But last fall, because of rules designed to protect players, he changed helmets.

“It’s something that needs to be done,” Staley told Peter King of NBC’s Football Morning in America, in an interview conducted last fall. “And I think I’m a perfect case study of why it needs to be done. I wouldn’t have changed my helmet unless they made these rules changes.”

Of course, Raiders wide receiver Antonio Brown doesn’t want to do just that, and has filed a grievance over keeping his old helmet (which the league’s safety rules have deemed obsolete). That may be just part of the story which has taken so many twists and turns, but the willful hostility toward safety is the most peculiar to players who have dug deeper into what can be done to protect them.

Doug Baldwin became an investor in Vicis, a Seattle-area helmet manufacturer. As a football player, he had a vested interest in the safety of football players, and for him the choice was easy.

“If you have a helmet out there that is proven to be safer in a number of different ways, why wouldn’t you wear that helmet?,” Baldwin said. “In the grand scheme of things, I want to make sure I have all the marbles that I was born with to experience life and to enjoy life with my family and with my future children.”

Lions wide receiver Jermaine Kearse, a former Seahawks teammate of Baldwin, also became an advocate for the company after changing equipment.

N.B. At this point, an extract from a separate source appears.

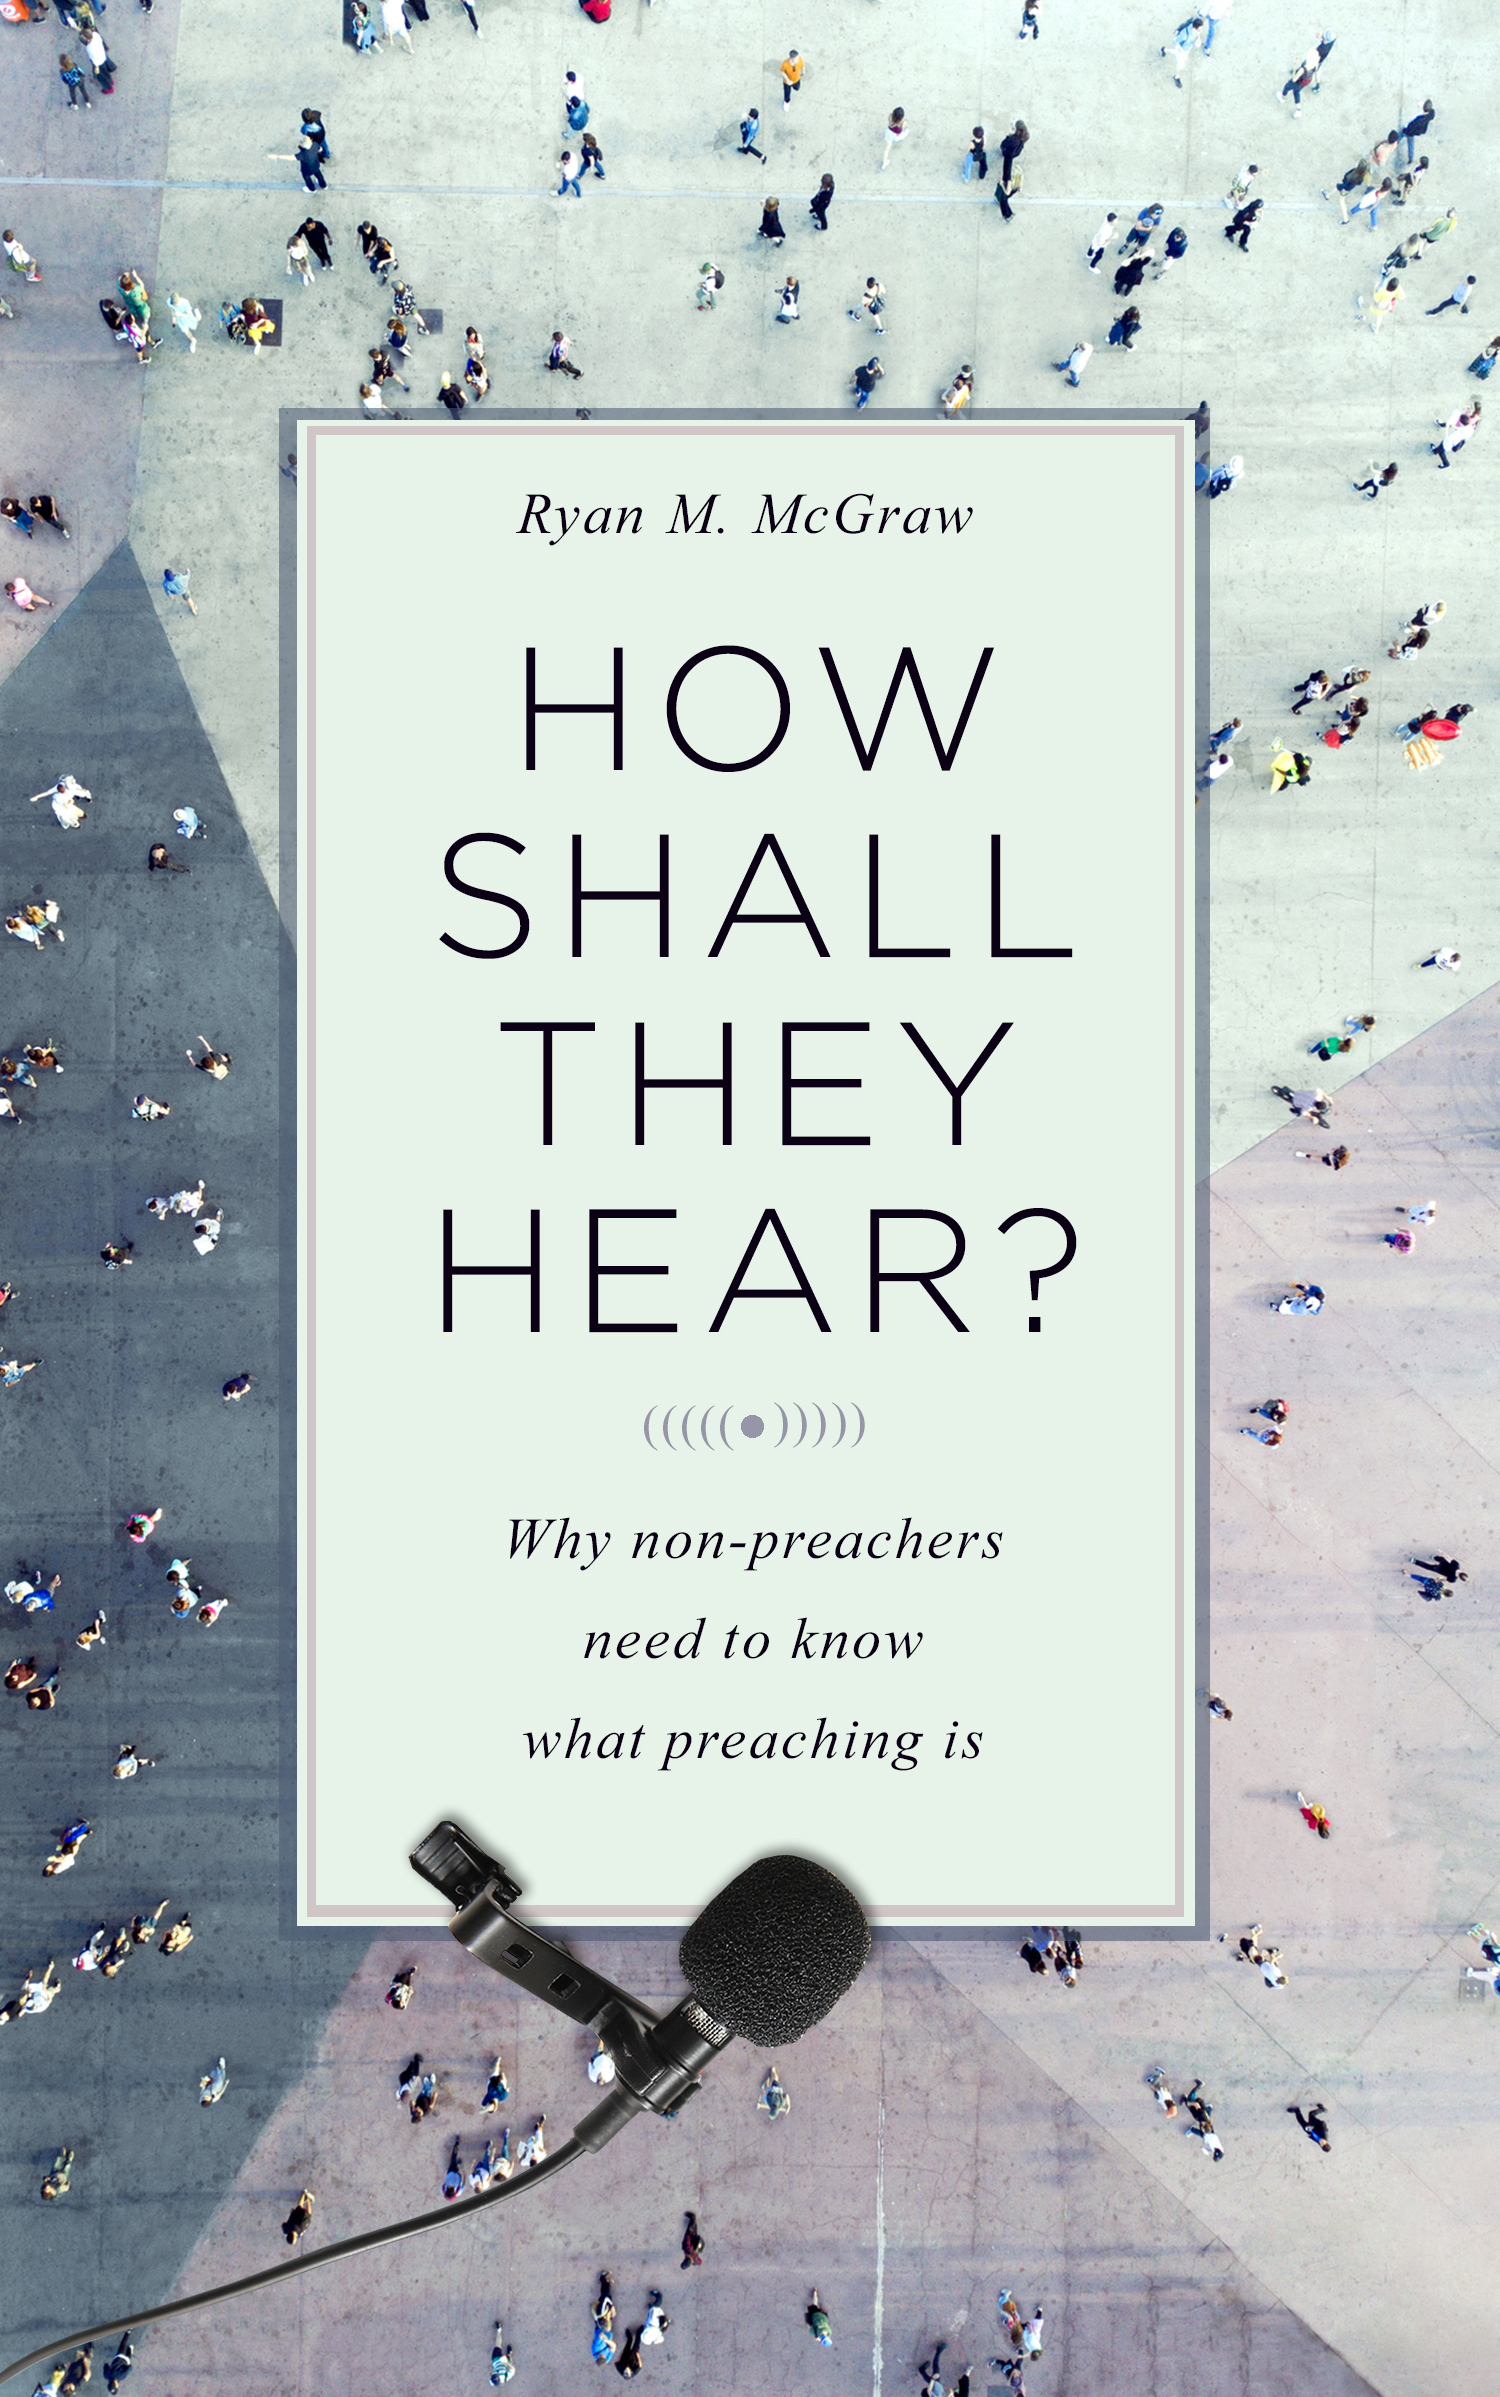 Book Notice: HOW SHALL THEY HEAR? WHY NON-PREACHERS NEED TO KNOW WHAT PREACHING IS, by Ryan M. McGraw

“You see and hear a lot of articles and a lot of talk about CTE these days, and you know the effects of concussions.,” Kearse said. “My change [to the Vicis helmet] . . . a little bit of my decision was, How can I protect myself further down the road when football is not a part of my life? Is looking cool out there on the field or wearing a helmet from back in college because it’s comfortable worth it?”

Brown apparently thinks so, in his effort to be the one exception to a rule designed to protect every player.